Your response should be an exact reproduction of the data below, beginning at the line containing "block is to" and ending with the final line.

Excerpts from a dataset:
[Start of section]
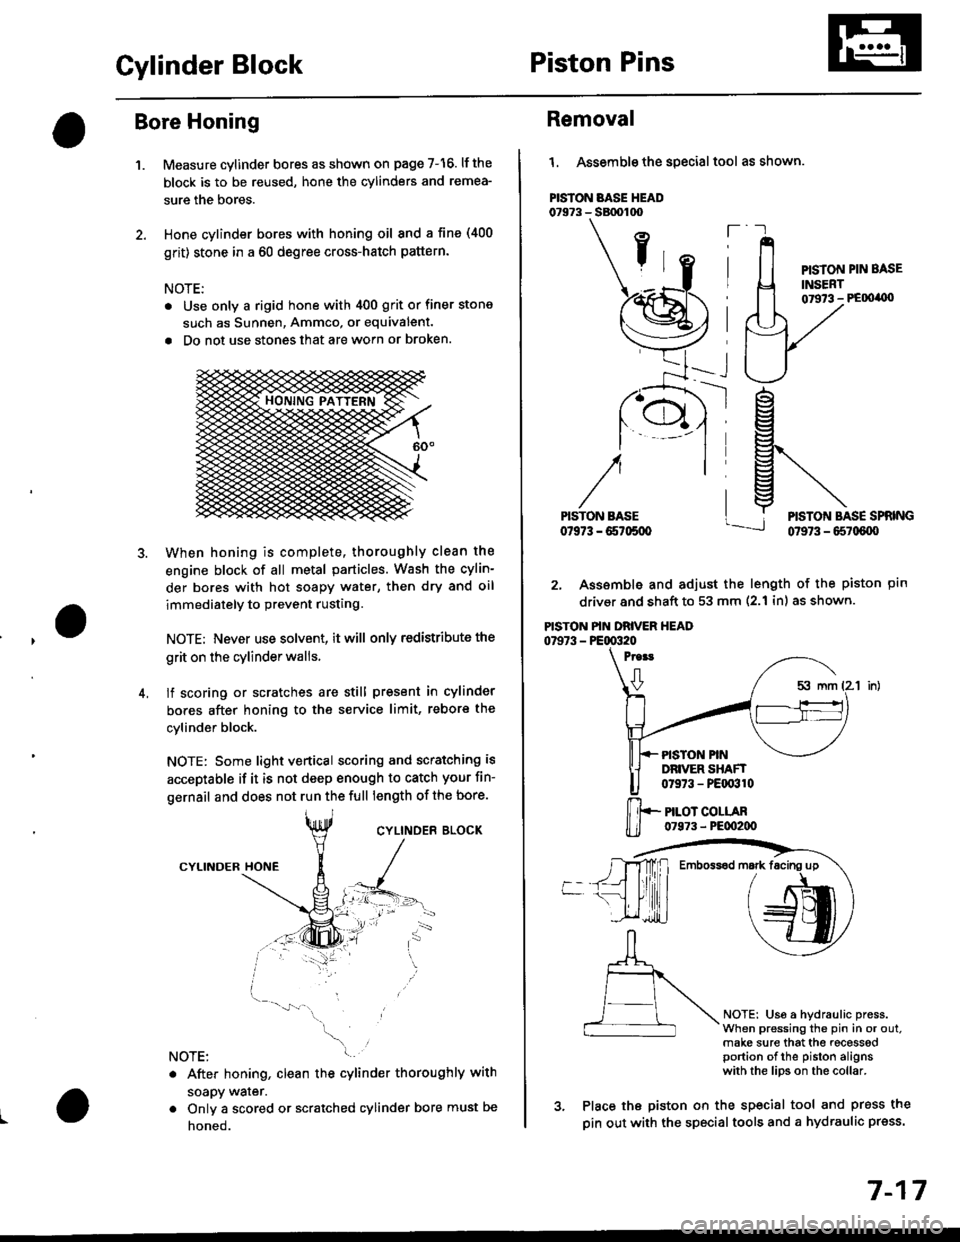 HONDA CIVIC 1997 6.G Owners Guide Cylinder BlockPiston Pins
Bore Honing
1.Measure cylinder bores as shown on page 7-16. lf the
block is to be reused, hone the cylinders and remea-
sure the bores.
Hone cylinder bores with honing oil 8n
[End of section]
Task output:
block is to be reused, hone the cylinders and remea-
sure the bores.
Hone cylinder bores with honing oil 8n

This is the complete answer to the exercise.